Built a RESTful API that allows us to create contacts, get their information, update their information, delete their information, and search through a datastore specifying fields that need to match and a format relaying the start point and number of entries per page. Built using Python Flask and Elasticsearch

Prerequisites

Only 2 additional pieces of software need to be downloaded for this project alongside Python. They are Python Flask and ElasticSearch. To install them type the following into the terminal:

$ pip install flask
$ pip install elasticsearch

Running the application

We need to start an instance of the Flask application (which in turn will create an elasticsearch datastore) to take advantage of the API. To do so please run the following:

$ export FLASK_APP=main.py
$ flask run

File Structure

Config.py

This file contains all the admin defined settings that will customize every instance of the app and will allow certain variables to be shared over a multitude of files. It enables the user to customize the application to their liking by storing all the app defining variables. In particular it contains the vairables ELASTICSEARCH_HOST and ELASTICSEARCH_PORT, which allow the user to easily change what hostname and port the data store should run on as required by the specification.
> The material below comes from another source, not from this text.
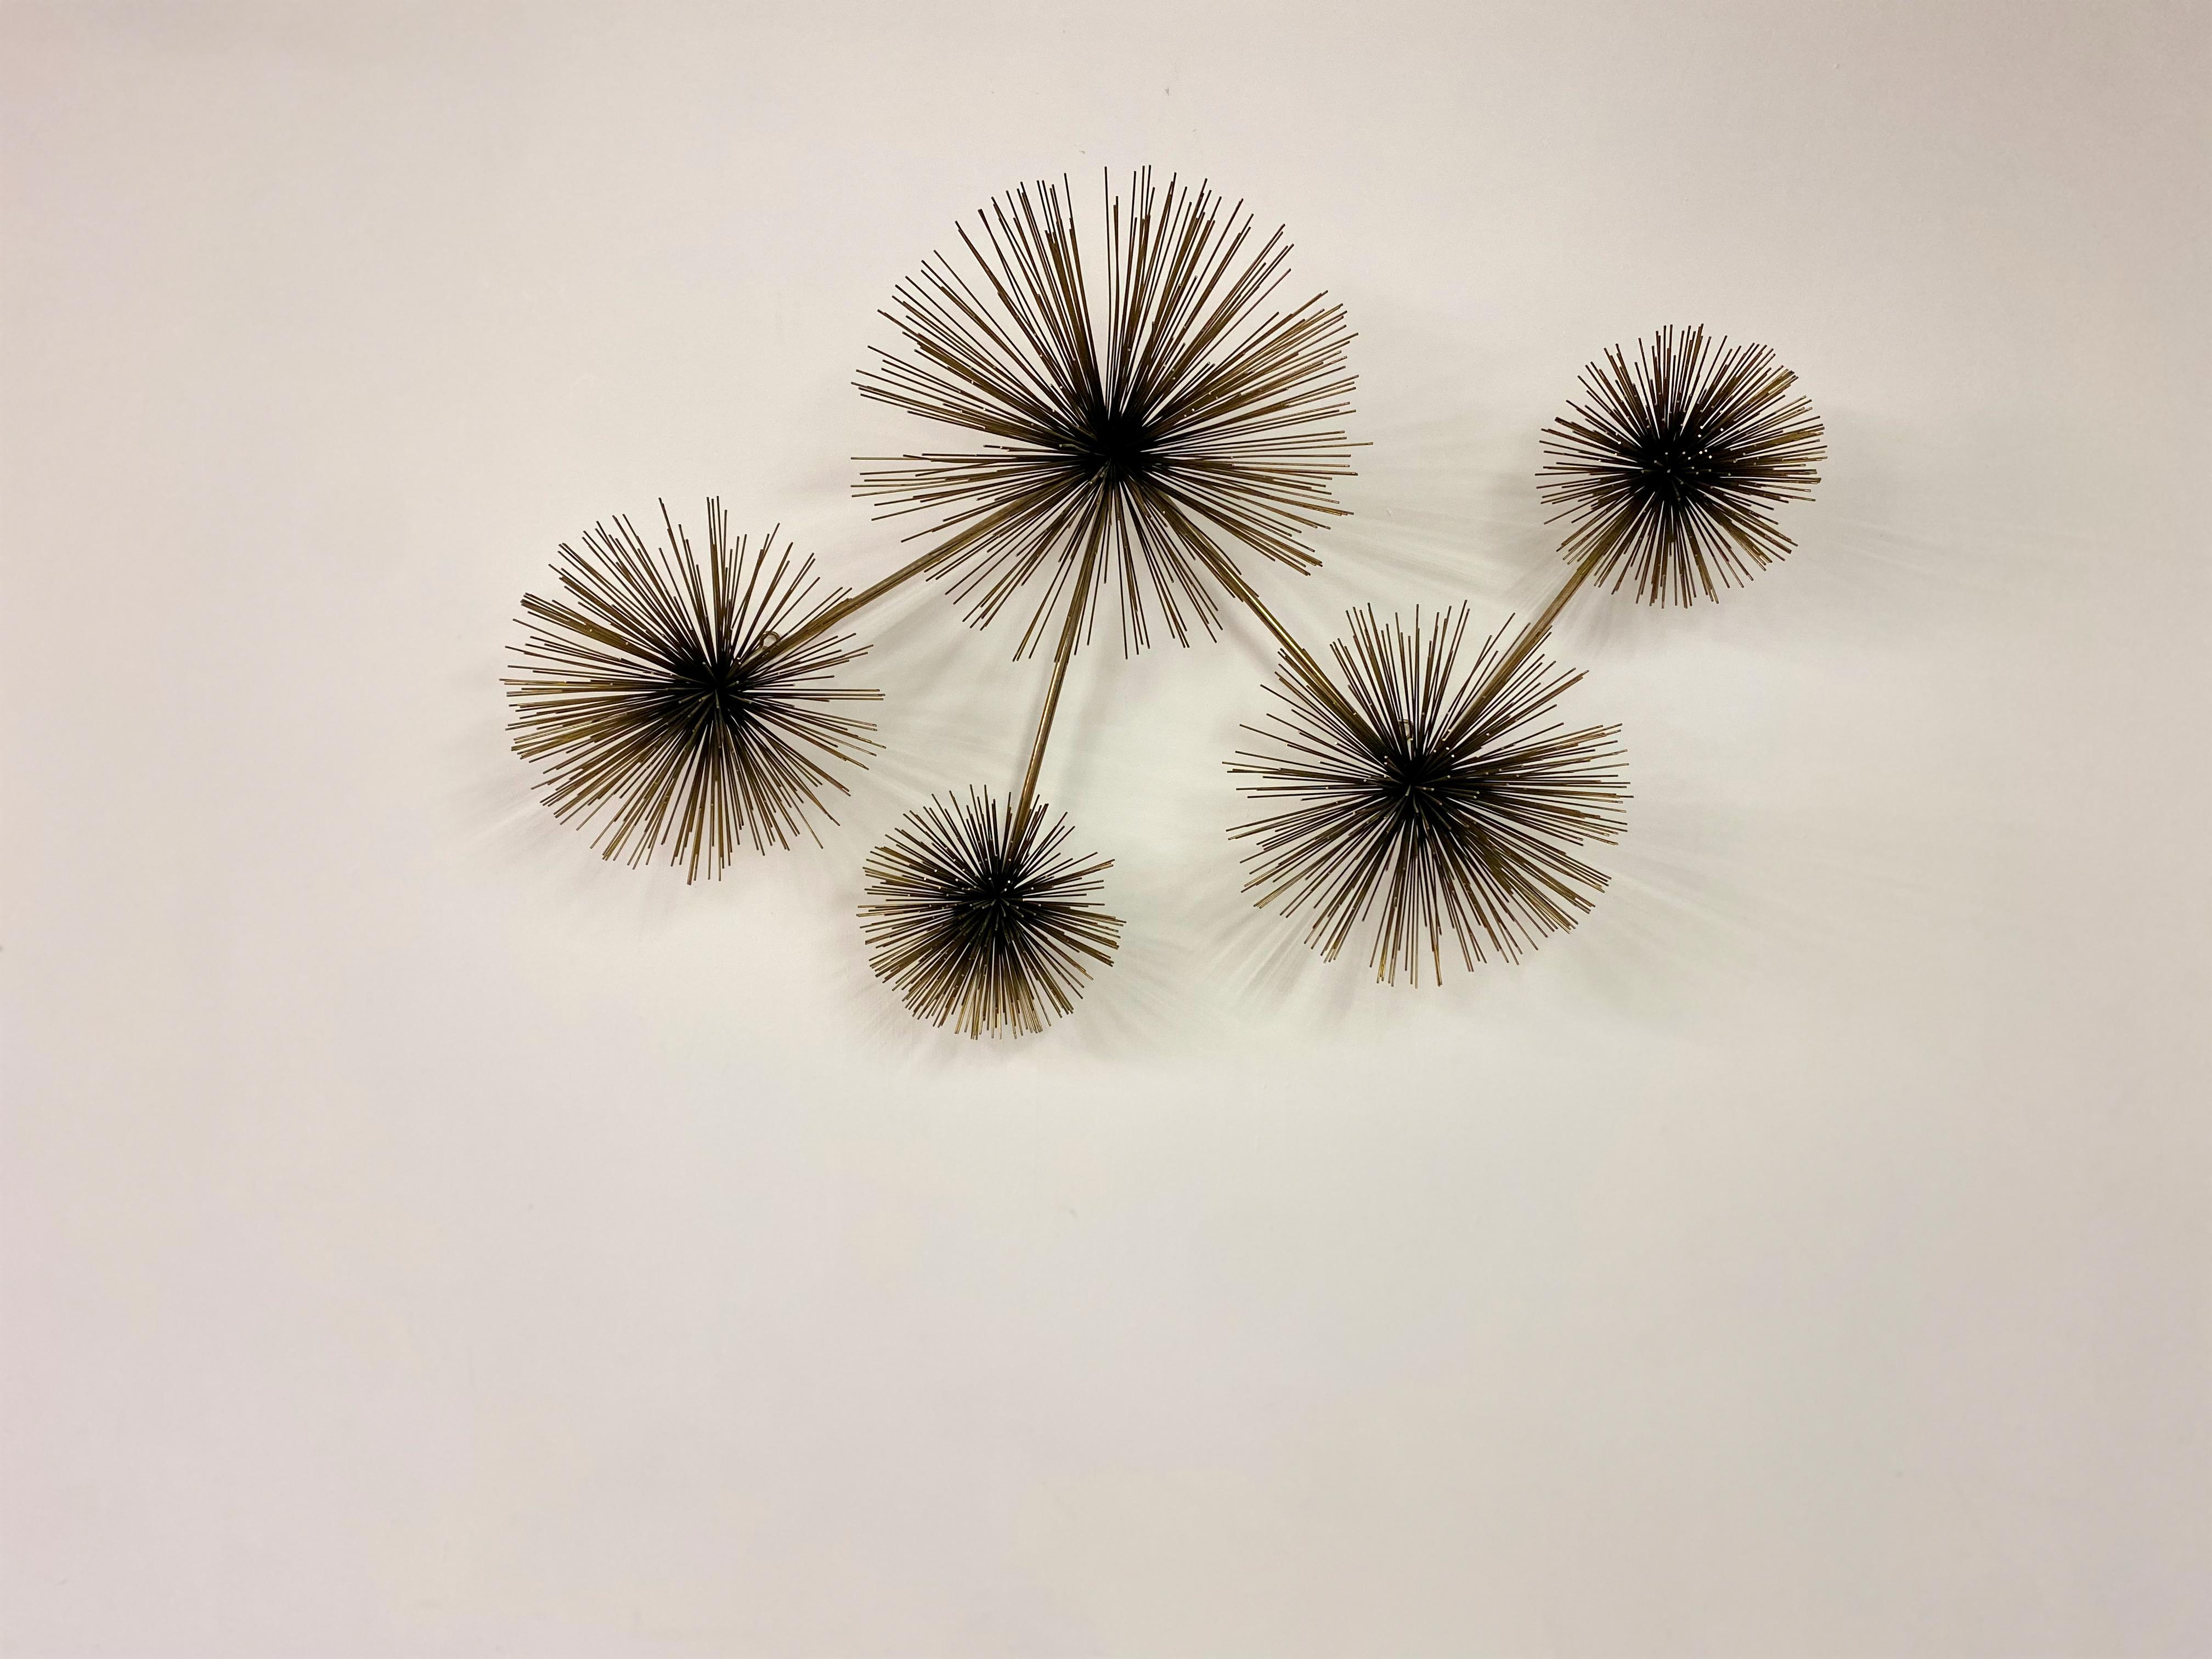 1970s Wall Mounted Starburst Sculpture By Curtis Jere In Good Condition For Sale In London, London

In addition it contains the ELASTICSEARCH_IDX_NAME, ELASTICSEARCH_SCHEMA, ELASTICSEARCH_DOCTYPE variables which allow the user the index name they want to store their contacts on, what type they want to classify each contact as, and the fields they want to include for each contact (I have set up to include 4 text fields by default, namely: name, address, email, and phone number).

Moreover I have also defined strings to be used in regex functions as a way to check they meet the following criteria:

Names - No digits or special characters allowed, first name has to be included and have a length that is between 2 and 40, both the middle and last names are optional with the last name having to be between 1 and 40 characters long. The total length of the name should be between 2 and 40 characters. It should not be empty.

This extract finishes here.